Anggota BPN Prabowo-Sandi, Ferdinand Hutahaean. (Foto: telusur.co.id/Fahri)

telusur.co.id- Badan Pemenangan Nasional (BPN) Prabowo-Sandi meminta agar Komisi Pemilihan Umum (KPU) tidak berkilah terkait adanya warga negara asing (WNA) berkebangsaan Cina yang memiliki kartu tanda penduduk elektronik (e-KTP) di Cianjur.

BPN menegaskan, intinya KPU sudah mengaku jika adanya kesalahan saat input data Nomor Induk Kependudukan (NIK) milik Tenaga Kerja Asing (TKA) asal Cina yang terdata di Daftar Pemilih Tetap (DPT).

“Isu KTP itu jangan di bawakan soal editan atau bukan. Yang pasti bahwa KPU sudah mengakui ada salah input data. Artinya peristiwa itu benar ada terjadi,” kata Juru Bicara BPN Prabowo-Sandi, Ferdinand Hutahean, kepada telusur.co.id, Rabu (27/2/19).

BACA JUGA :  KPU Disemprot Politisi Demokrat Soal Kasus Andi Arief

“Masalah foto KTP yang muncul itu editan atau bukan, itu buka pokok masalah,” tambah Ferdinand.

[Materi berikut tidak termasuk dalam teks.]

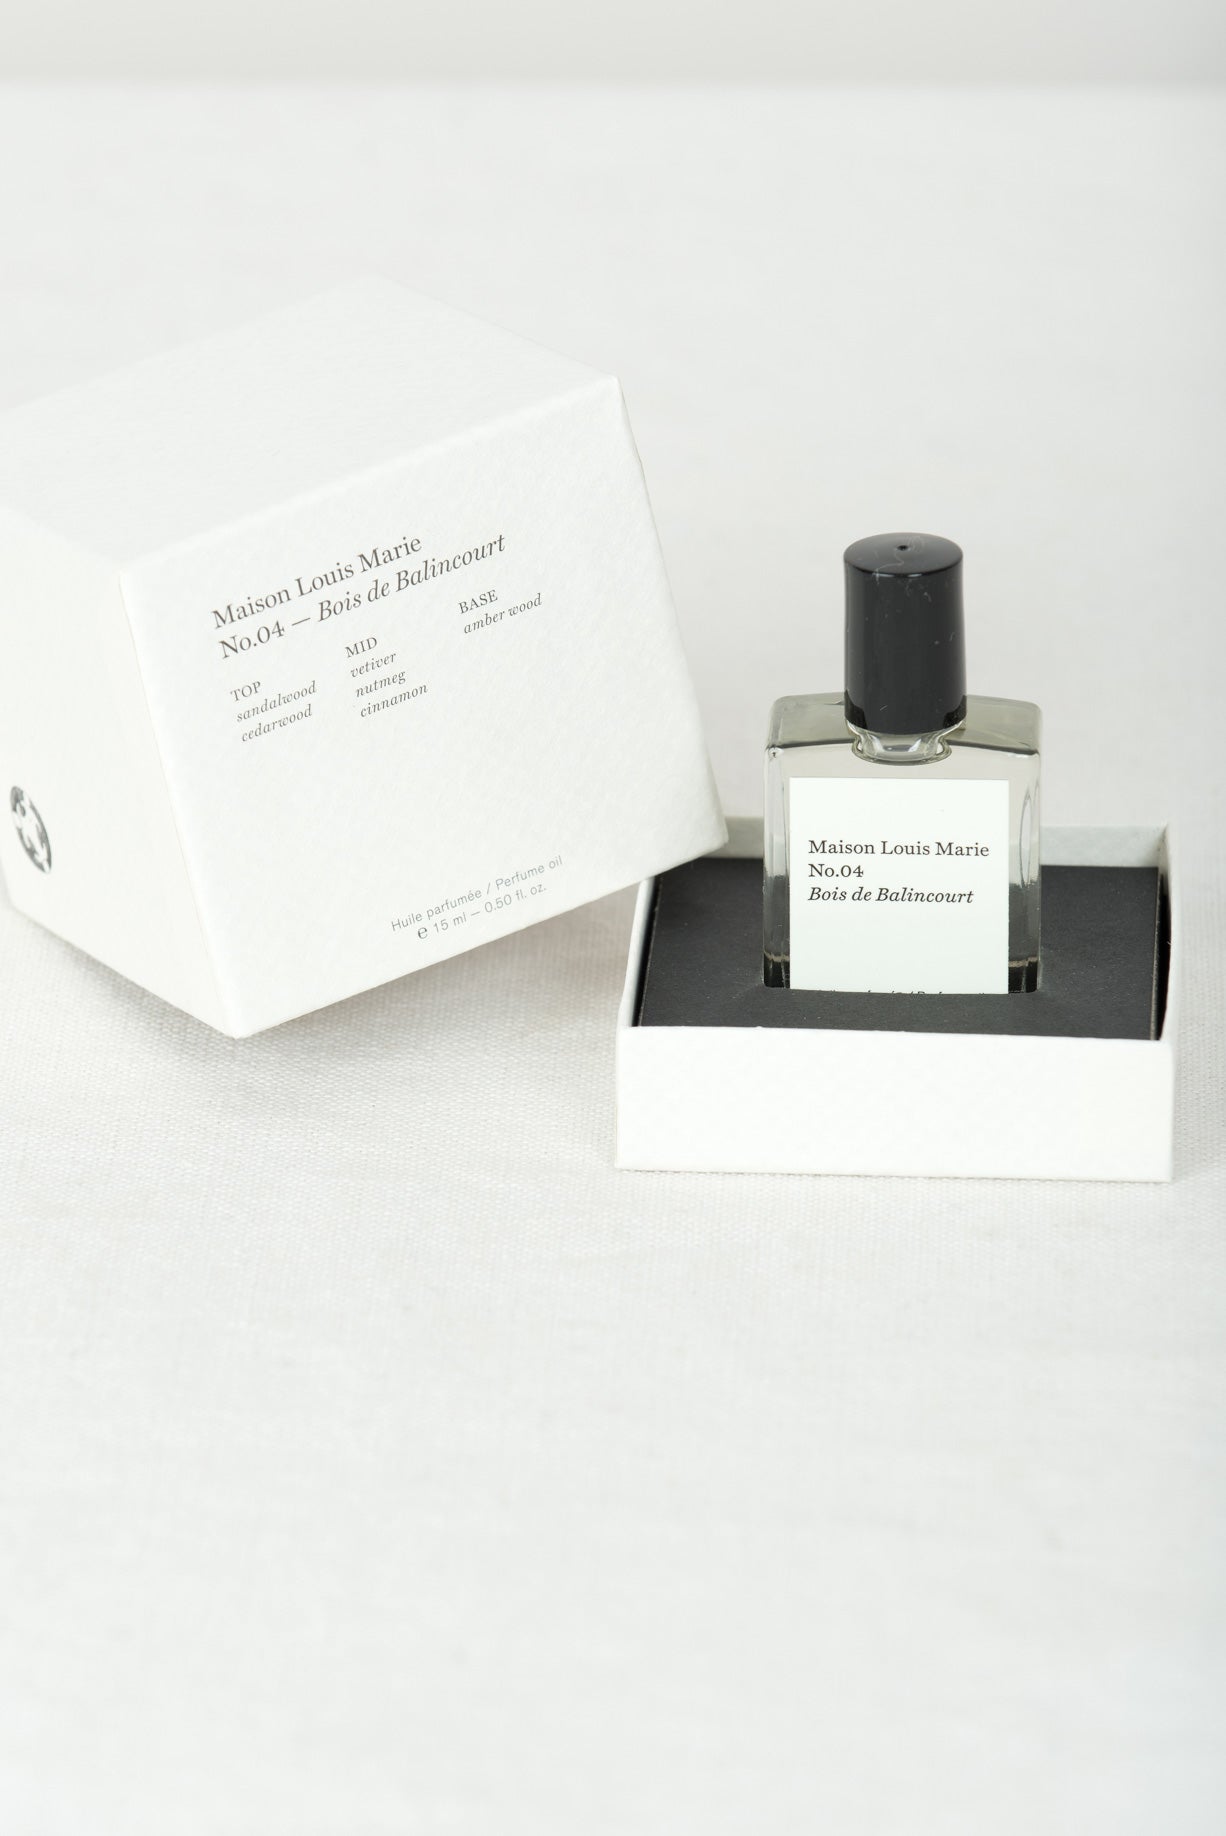 Maison Louis Marie No. 04 Bois de Balincourt Eau Parfum 1.7 oz Brand New in  Box
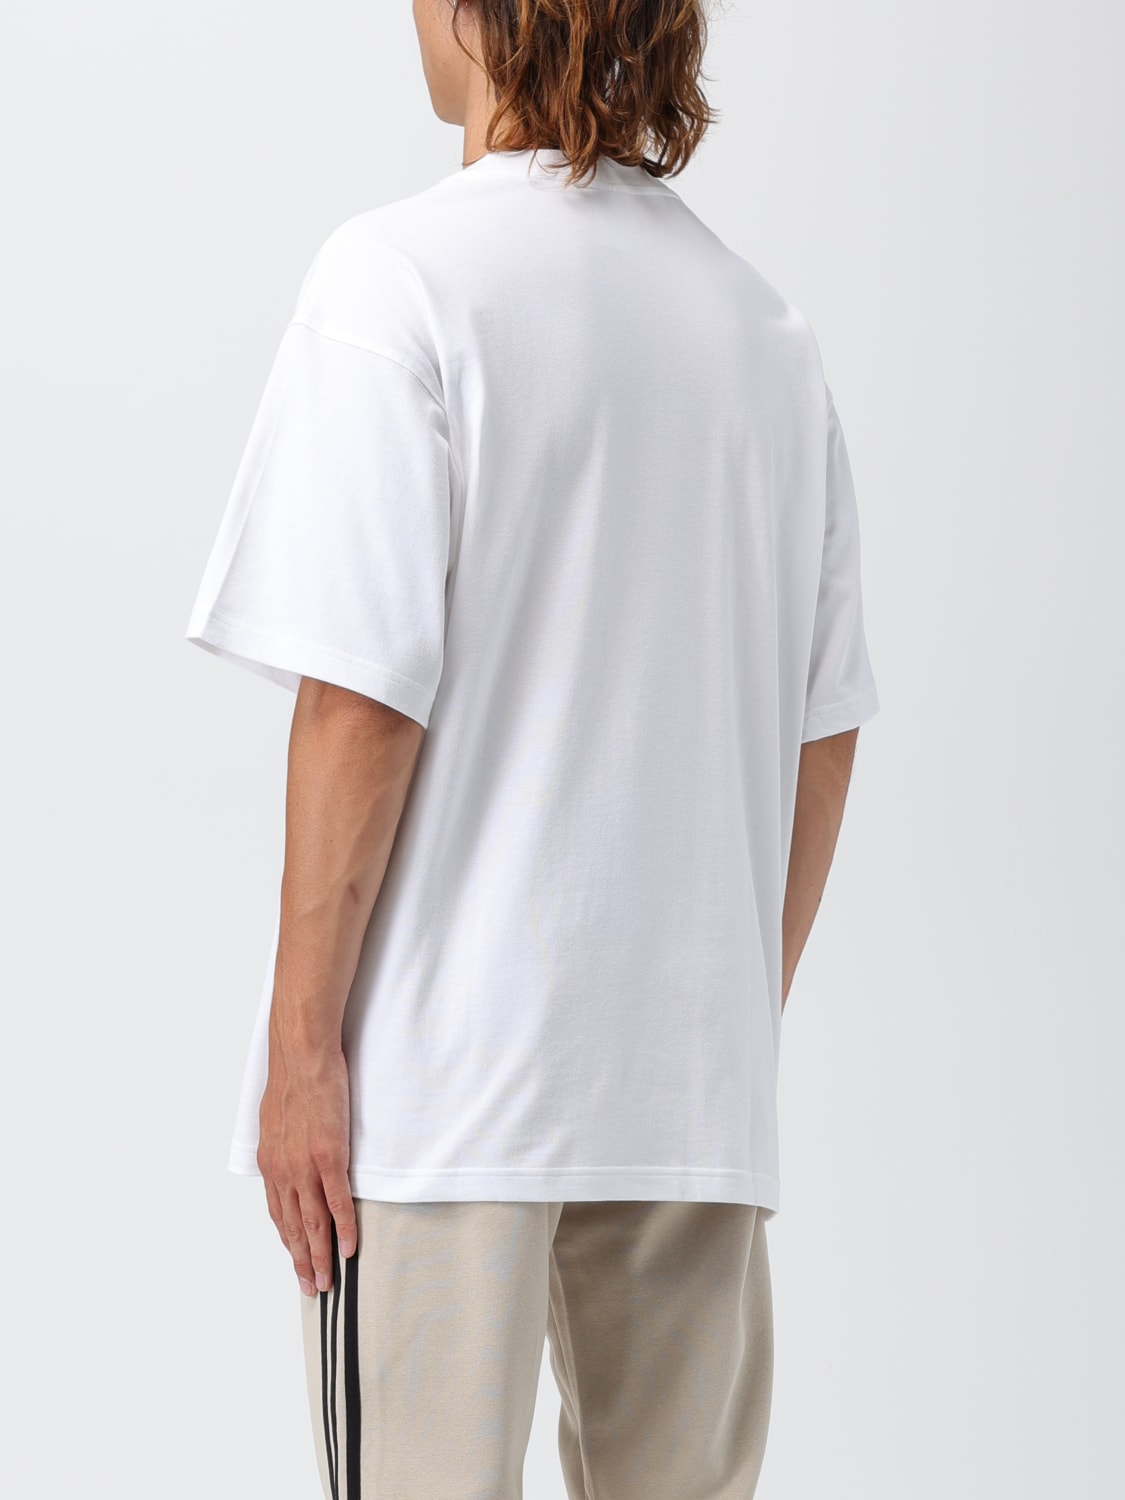 ADIDAS ORIGINALS: cotton t-shirt with logo - White | Adidas Originals t- shirt IM4388 online at

Dikatakan Ferdinand, pokok masalah dari ini semua ialah kecurigaan masyarakat dengan serbuan TKA Cina yang kemudian masuk jadi pemilih dalam DPT.

“Ini pokok masalahnya. jangan digeser jadi soal editan atau bukan. Saya pikir ini masalah besar, kecurigaan masyarakat dalam isu ini sangat besar. Jadi, jangan dibuang isunya ke soal editan atau bukan,” tandasnya.

Sebelumnya, Komisioner KPU Viryan Azis menduga e-KTP yang dimiliki TKA Cina dan beredar di publik itu hanya editan. KPU juga sudah melaporkan permasalahan itu ke cyber crime Mabes Polri agar ditelaah lebih dalam dan diselidiki. “Apakah foto tersebut hasil editan atau bukan,” kata Viryan.

BACA JUGA :  Yusril Ancam Bongkar Konspirasi KPU "Jegal" PBB di Pemilu 2019

Disisi lain, KPU Kabupaten Cianjur mengakui adanya kesalahan saat input data NIK milik TKA asal Cina yang terdata di DPT. Komisioner KPU Cianjur Anggy Sophia Wardani mengungkapkan, pihaknya sudah berkomunikasi dengan Disdukcapil Cianjur berkaitan permasalahan ini.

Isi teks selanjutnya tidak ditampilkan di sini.